É esse o Brasil que adora ouvir estórias de pessoas que sofreram demais para descansar na bonança. E um prazer sádico está surpreendentemente escondido em mentes que parecem bondosas, mas que trazem esse ingrediente perverso, sem que essas próprias pessoas percebam. Sem saber, ferem os outros não necessariamente apunhalando-as pelas costas, mas apunhalando-as às cegas.
DESGRAÇAS E HUMILHAÇÕES
As pessoas que acumulam desgraças e humilhações na vida são vistas pela sociedade moralista com um certo sadismo. A natureza do sofrimento é desprezada, e quem não sofre acha maravilhoso ver o outro sofrer. Há uma grande hipocrisia na postura de admirar pessoas que atingem o sucesso pela via do sofrimento, quando se sabe que elas são tão "cristãs" quanto Pôncio Pilatos.

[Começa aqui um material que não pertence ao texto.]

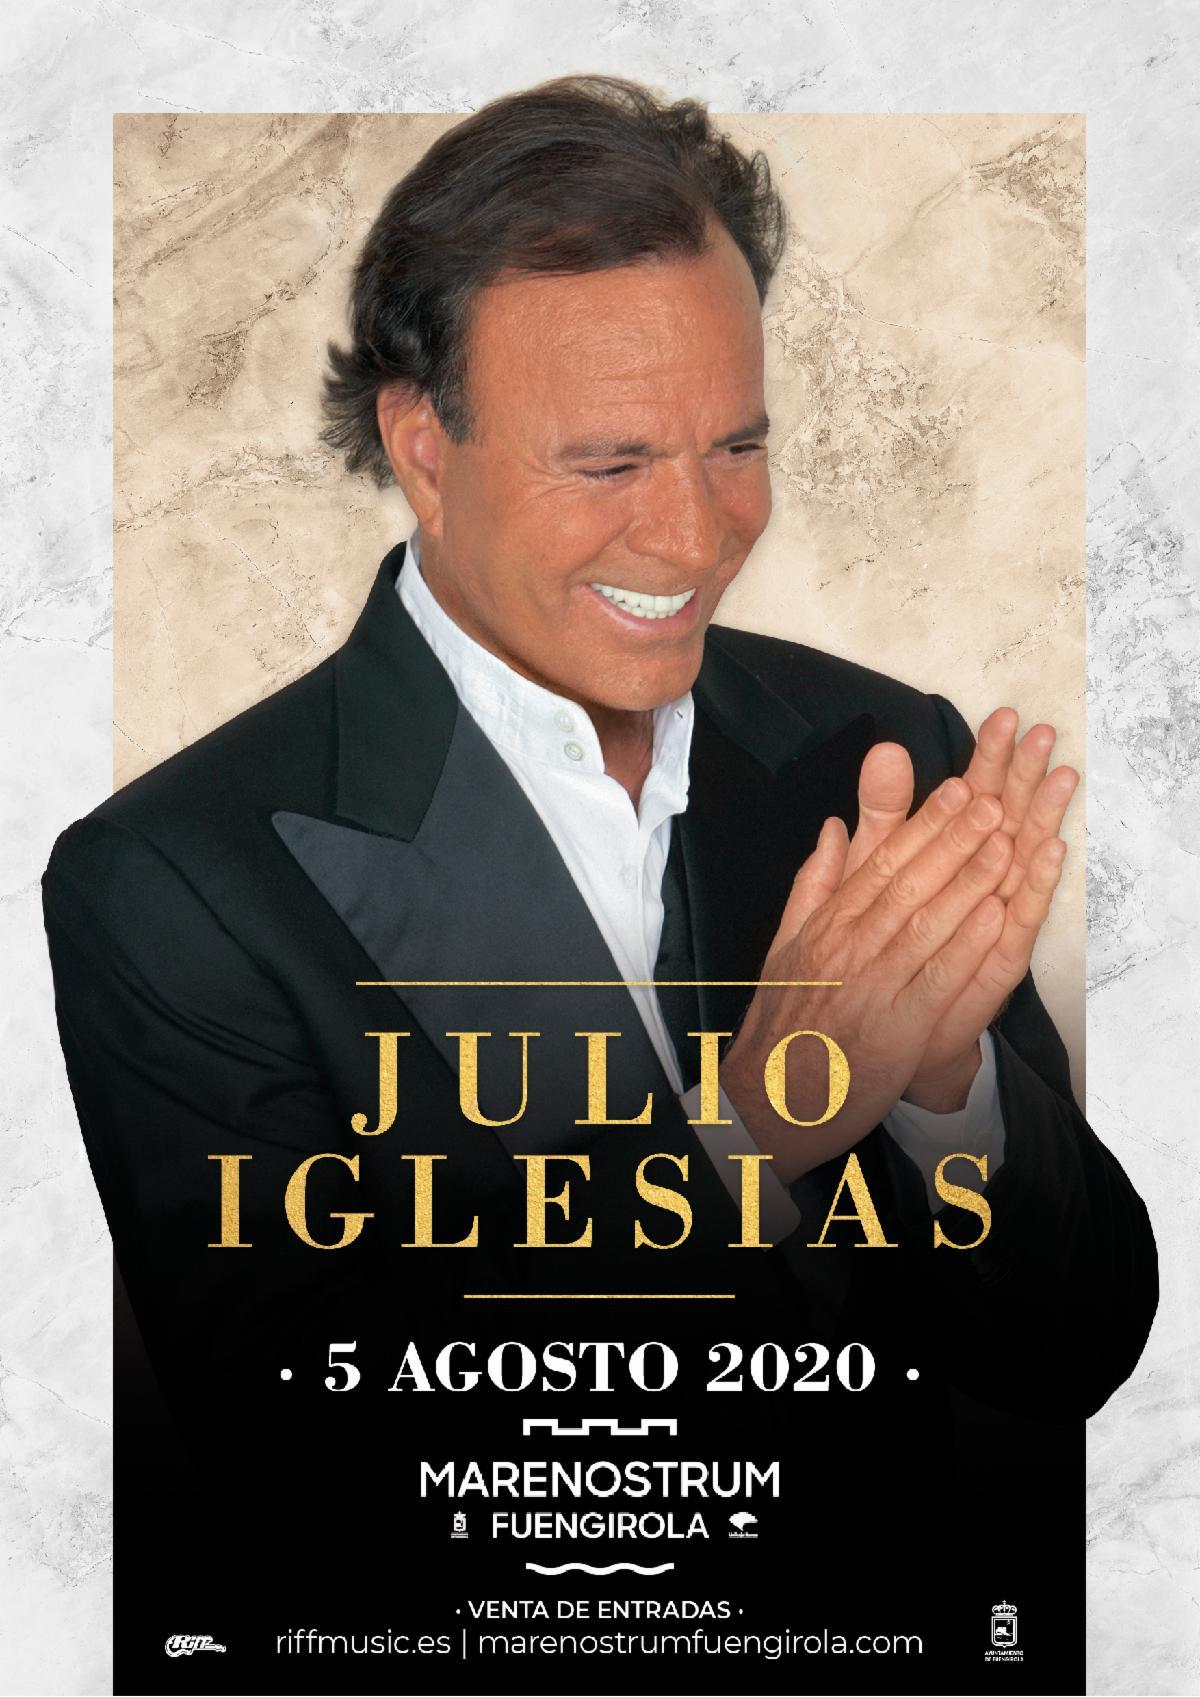 Julio Iglesias celebra su 50 aniversario en la música en el Marenostrum Fuengirola

Só uns parênteses. O julgamento histórico de Jesus Cristo nunca existiu, foi uma invenção literária da Idade Média para tentar inocentar os políticos do Império Romano da condenação cristã. Afinal, quem inventou esse julgamento foi o próprio Catolicismo medieval introduzido pelo Império Romano. Além disso, a lógica política dos romanos não previa julgamentos demorados, mas condenação imediata a Jesus Cristo, acusado de fazer campanha contra o poder romano.

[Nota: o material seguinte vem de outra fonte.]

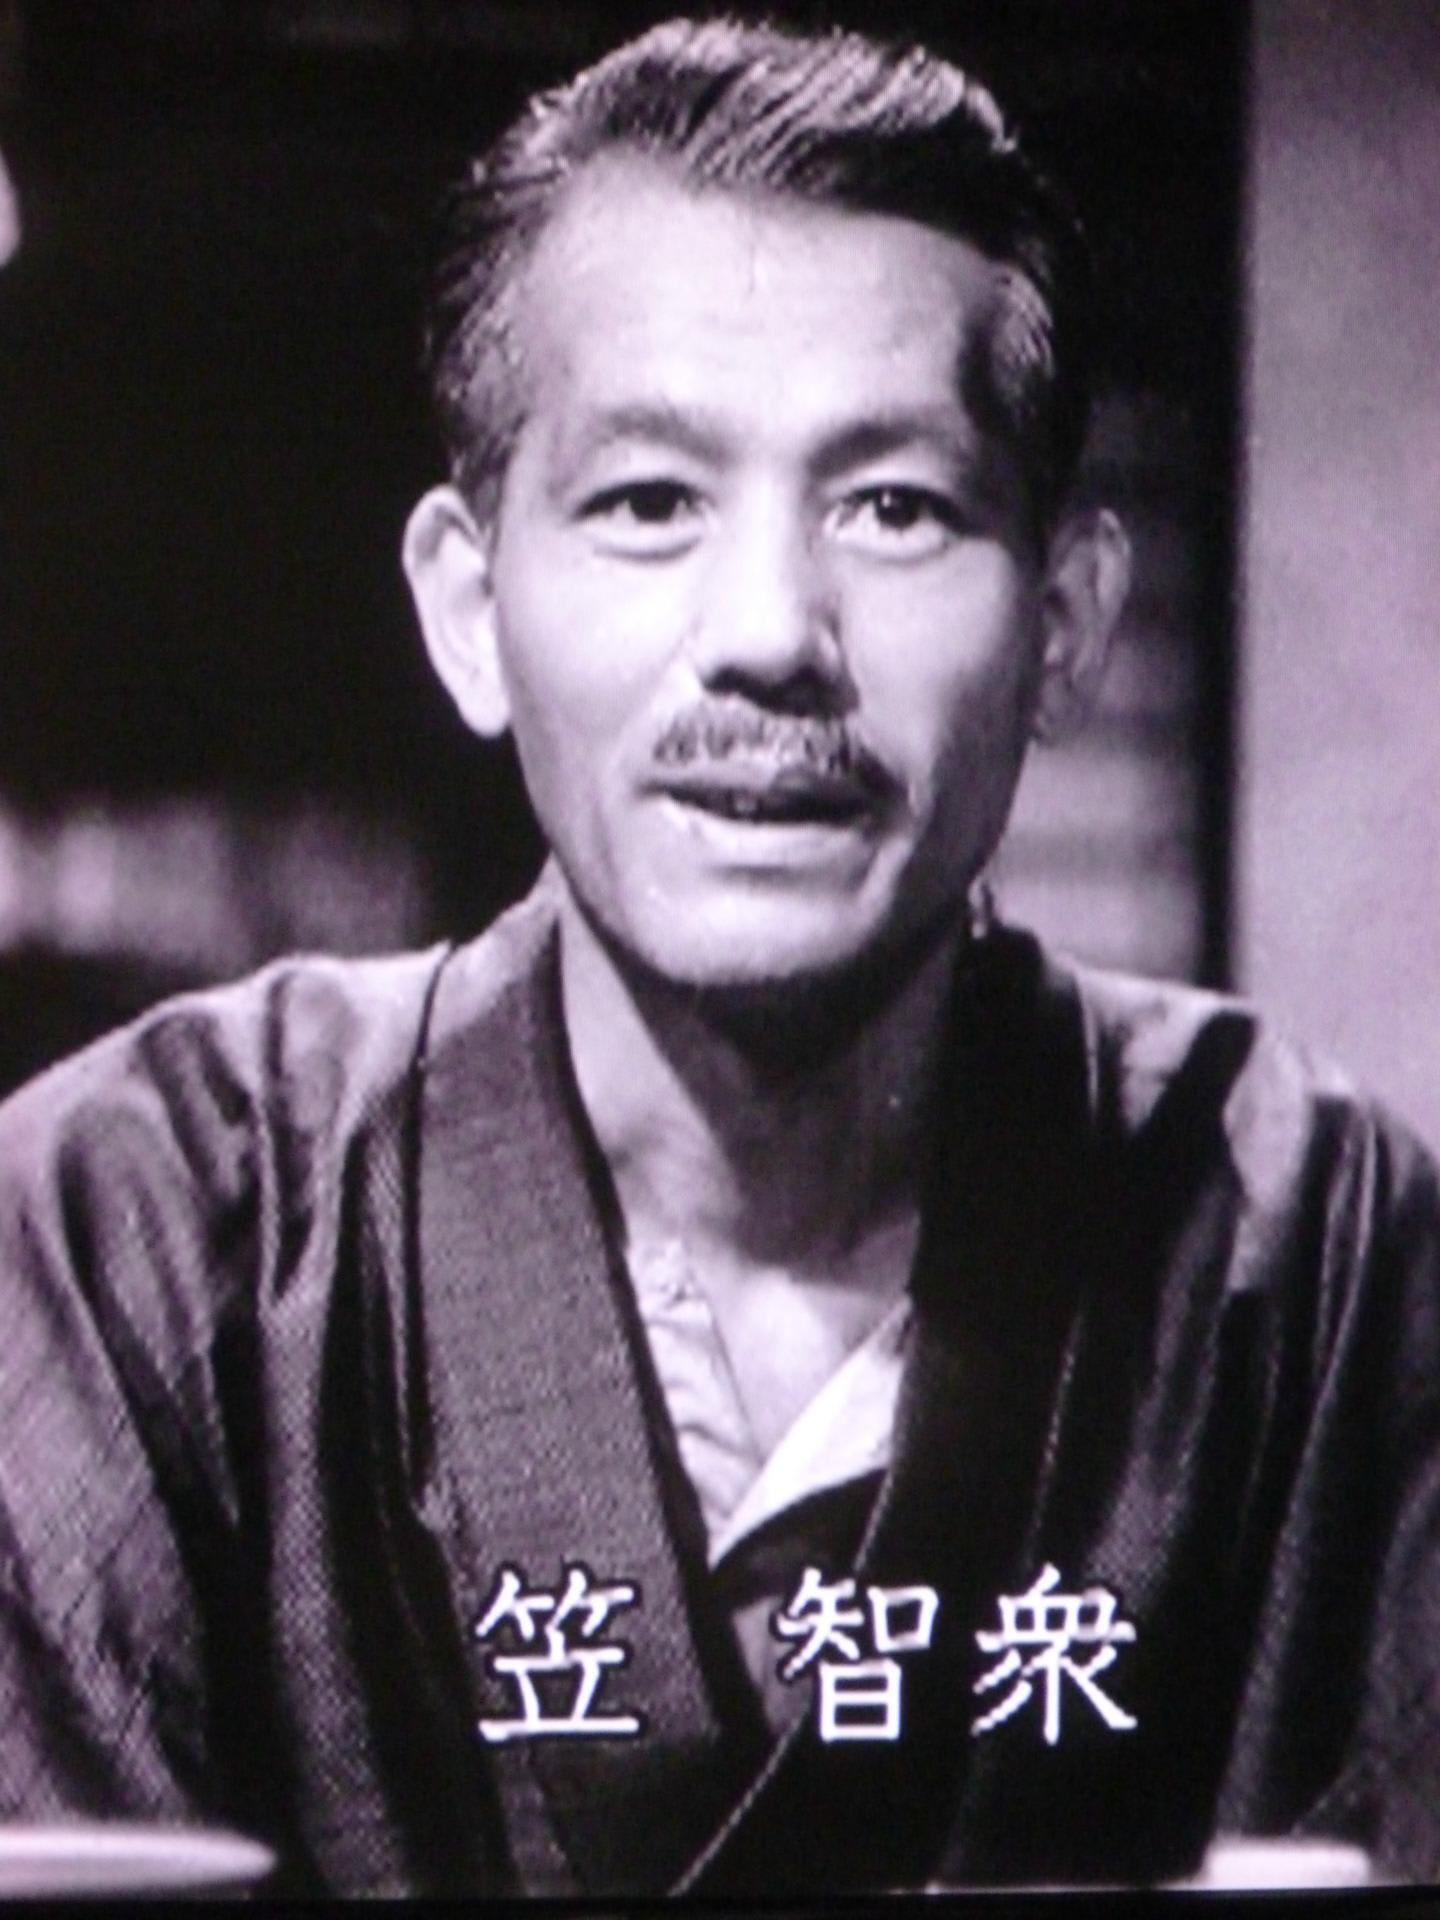 笠智衆の画像 p1_12

Os moralistas brasileiros, que se gabam de "serem corretos, embora sujeitos a erros na vida", adoram ver outras pessoas sofrendo desgraças. Fazem "lágrimas de crocodilo", falam "olha que coitadinho", mas nada fazem para combater ou questionar a desgraça alheia. Em muitos casos, pessoas que parecem direitas chegam a participar de práticas de bullying contra pessoas socialmente frágeis.
E o "espiritismo" brasileiro? Esse nem está aí para ter pena. Pelo contrário, chega a afirmar que o sofredor que mais se humilha é o "mais abençoado", acreditando no "quanto pior, melhor", no qual quanto mais a pessoa sofrer desgraças, humilhações, empecilhos e tragédias, mais receberá as prometidas "bênçãos futuras".
"As humilhações são frequentes? As ameaças não param de crescer? Sua vida está em risco? Não se preocupe, ah, que sorte a sua você ser humilhado e ameaçado pelo mundo, quando Deus lhe ama, lhe admira e lhe protege, e, na tragédia iminente, um manancial de bênçãos eternas lhe espera à sua frente", é o que dizem os moralistas do "espiritismo".
Quanto sadismo. E isso feito com palavras que soam dóceis, pois há muitas palavras traiçoeiras com um suave e digerível gosto de mel. E quão desgraçado é o moralista religioso que diz isso, tentando forçar a pessoa a aguentar desgraças sob o pretexto da fé.
Essa perversidade faz o "espiritismo" brasileiro se distanciar completamente dos ensinamentos espíritas originais, que nada têm a ver com o moralismo retrógrado de Francisco Cândido Xavier, um devoto da Teologia do Sofrimento medieval que não merece 1% da adoração que recebe, mesmo quando se admite "imperfeições" em sua pessoa. Seu moralismo retrógrado apresenta perversidades que são facilmente identificadas no simples apelo para se aguentar o sofrimento em silêncio e sem queixumes. Pura crueldade dissolvida em palavras melífluas.